Search code examples
cgccassemblyx86-64red-zone

Incorrect stack red-zoning on x86-64 code generation


This is compiler output from a Linux kernel function (compiled with -mno-red-zone):

load_balance:
.LFB2408:
        .loc 2 6487 0
        .cfi_startproc
.LVL1355:
        pushq   %rbp    #
        .cfi_def_cfa_offset 16
        .cfi_offset 6, -16
        movq    %rsp, %rbp      #,
        .cfi_def_cfa_register 6
        pushq   %r15    #
        pushq   %r14    #
        pushq   %r13    #
        pushq   %r12    #
        .cfi_offset 15, -24
        .cfi_offset 14, -32
        .cfi_offset 13, -40
        .cfi_offset 12, -48
        movq    %rdx, %r12      # sd, sd
        pushq   %rbx    #
.LBB2877:
        .loc 2 6493 0
        movq    $load_balance_mask, -136(%rbp)  #, %sfp
.LBE2877:
        .loc 2 6487 0
        subq    $184, %rsp      #,
        .cfi_offset 3, -56
        .loc 2 6489 0
     ....

Note the "subq $184, %rsp" after the compiler has already spilled to the stack (the spill is insane, btw, since it's spilling a constant value!)

Linus reported this bug to gcc 2 days ago. But I don't understand what the bug is. Why is that subq wrong?

Edit: bug report is here: sorry for not included this before https://gcc.gnu.org/bugzilla/show_bug.cgi?id=61904


Solution

  • I don't understand why that subq is wrong?

    The problem is its order relative to the movq $load_balance_mask, -136(%rbp) instruction. The subq allocates space on the stack by modifying the stack pointer, and the movq writes to a location within that allocated area. But in this case the movq comes before the subq, i.e. it's writing to (as of yet) unallocated stack space. Now what if an interrupt occurs in between the movq and the subq and the interrupt handler tries to touch that same area of the stack? All sorts of weird things could happen as a result, most of which probably would be bad.
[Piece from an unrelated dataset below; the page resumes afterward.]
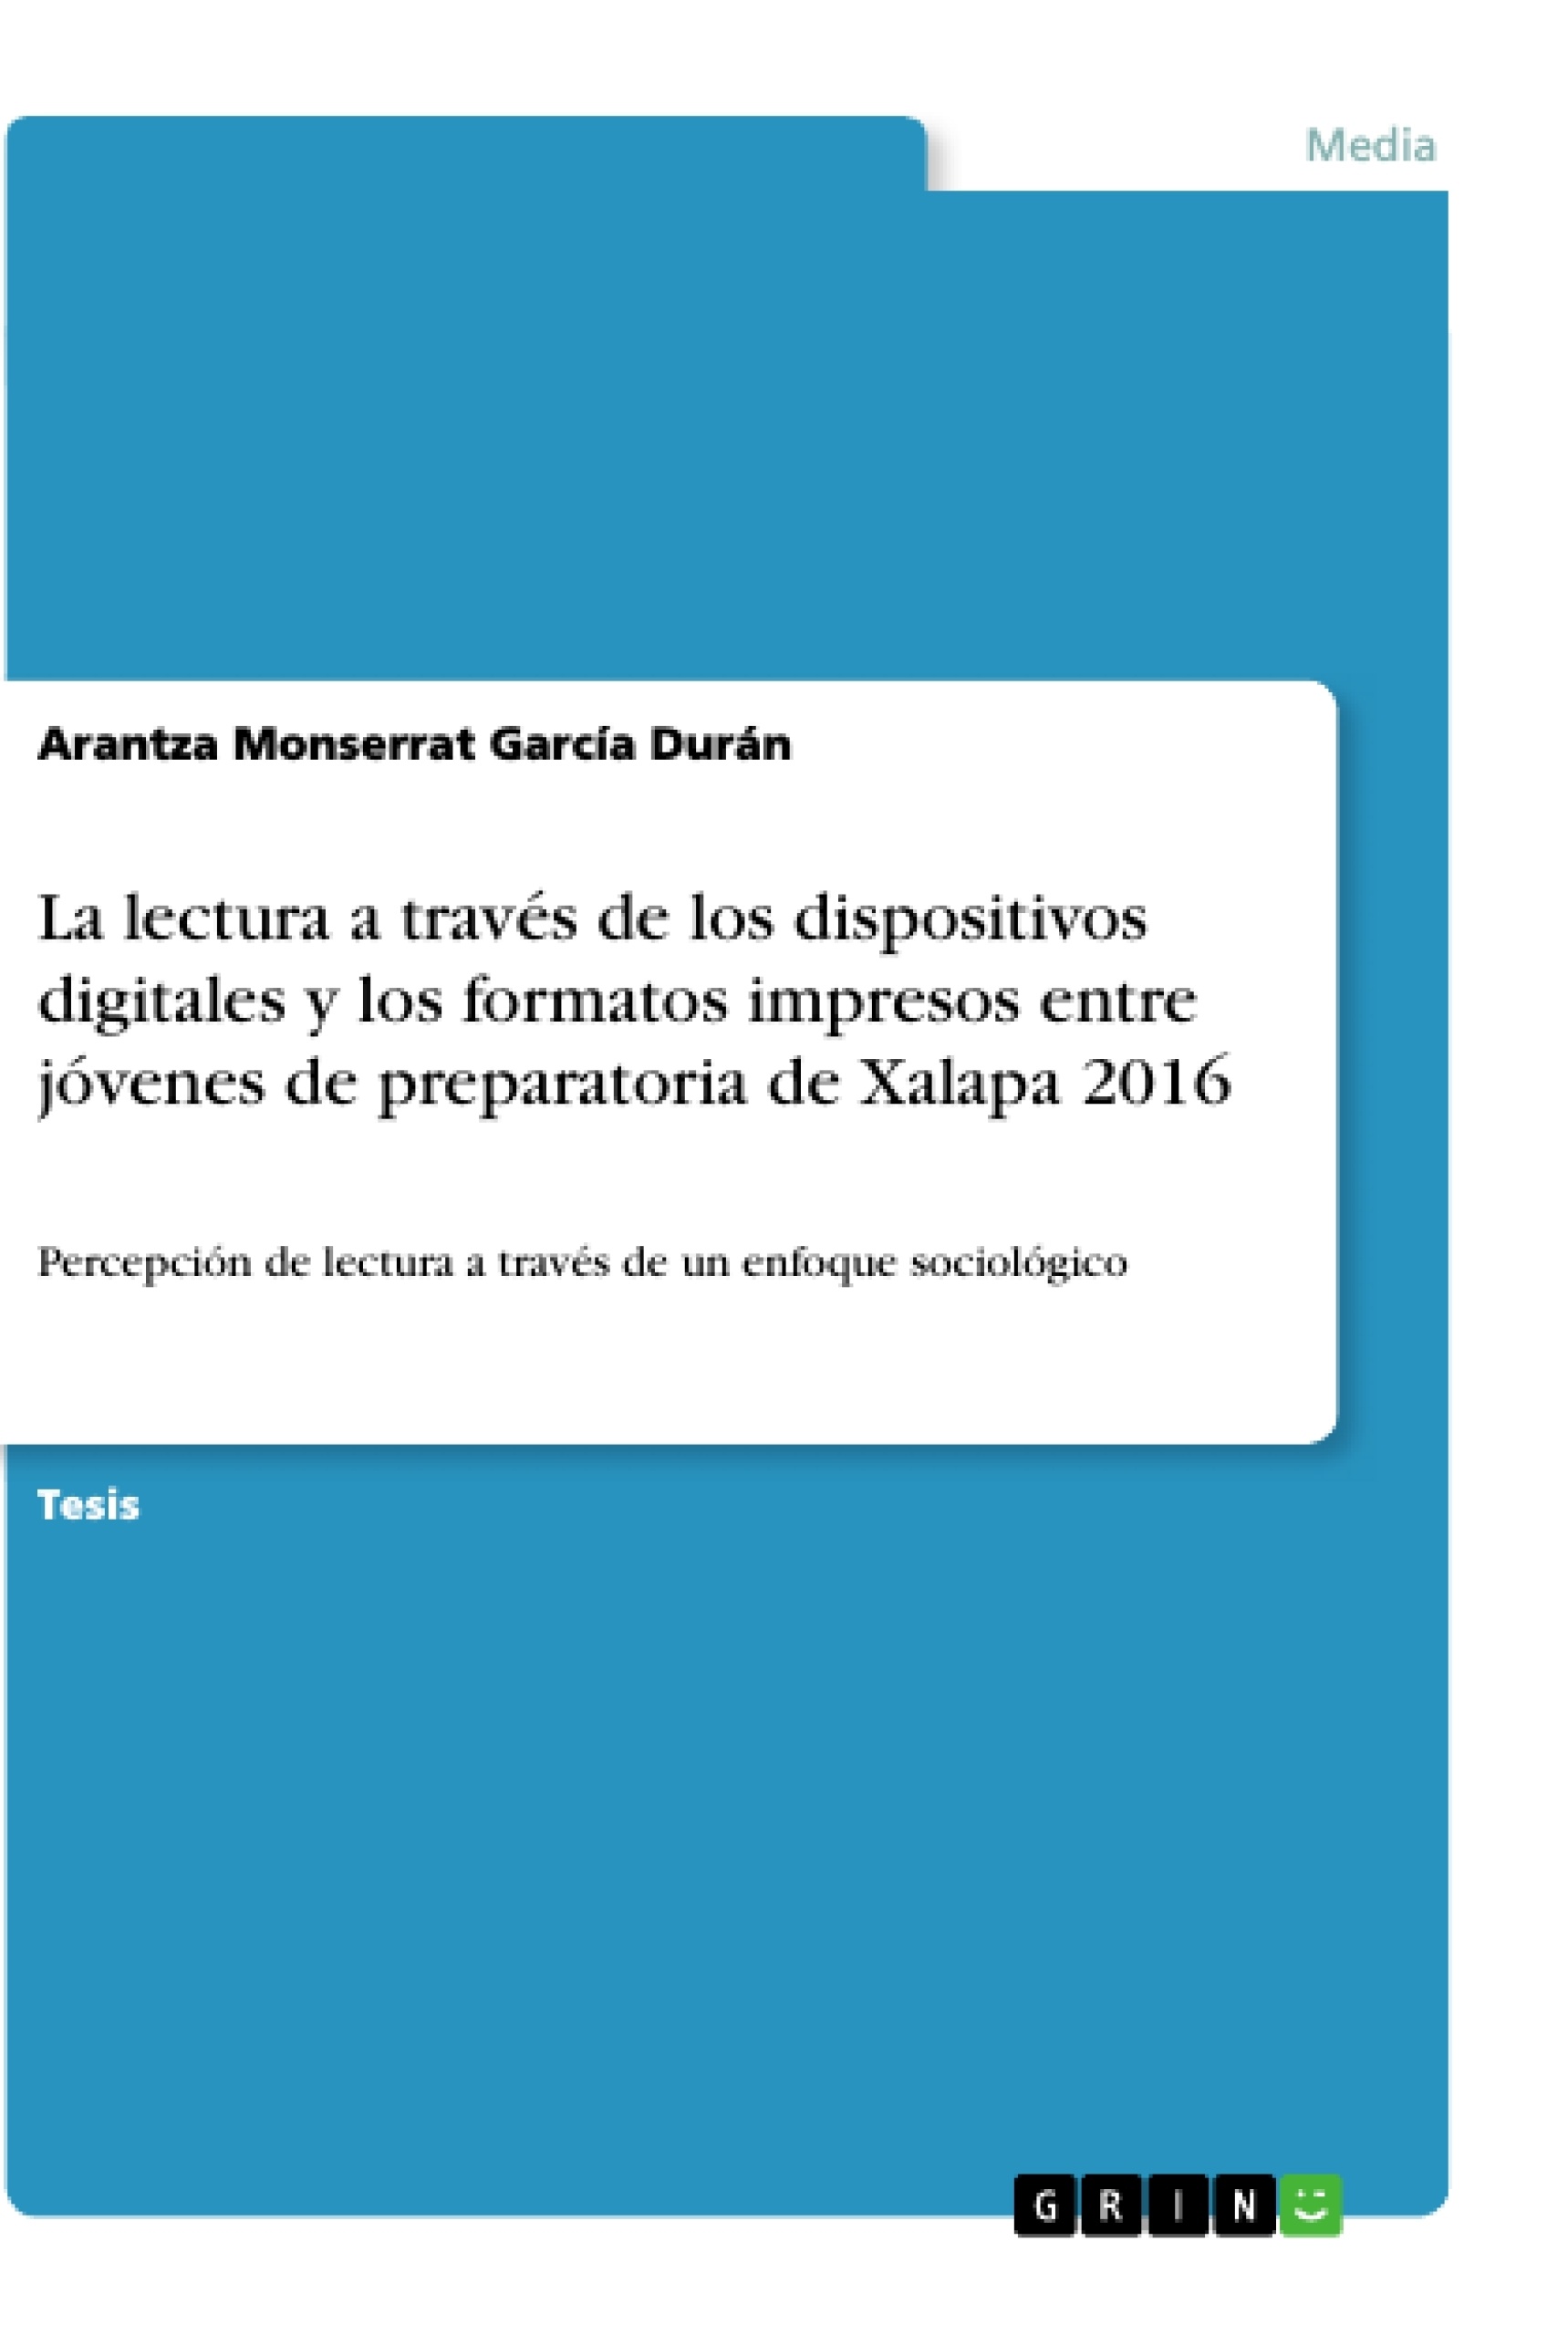 Título: La lectura a través de los dispositivos digitales y los formatos impresos entre jóvenes de preparatoria de Xalapa 2016

    Having the movq first would have been ok in the presence of a red zone. Quoting from wikipedia:

    A red zone is a fixed-size area in memory beyond the stack pointer that has not been "allocated". This region of memory is not to be modified by interrupt/exception/signal handlers. This allows the space to be used for temporary data without the extra overhead of modifying the stack pointer. The x86-64 ABI mandates a 128-byte red zone.

    However, as Linus wrote in the email thread about this bug: "But we build the kernel with -mno-red-zone. We do *not* follow the x86-64 ABI wrt redzoning".
    And with red zones disabled the code generator should not have been allowed to output that movq before the subq.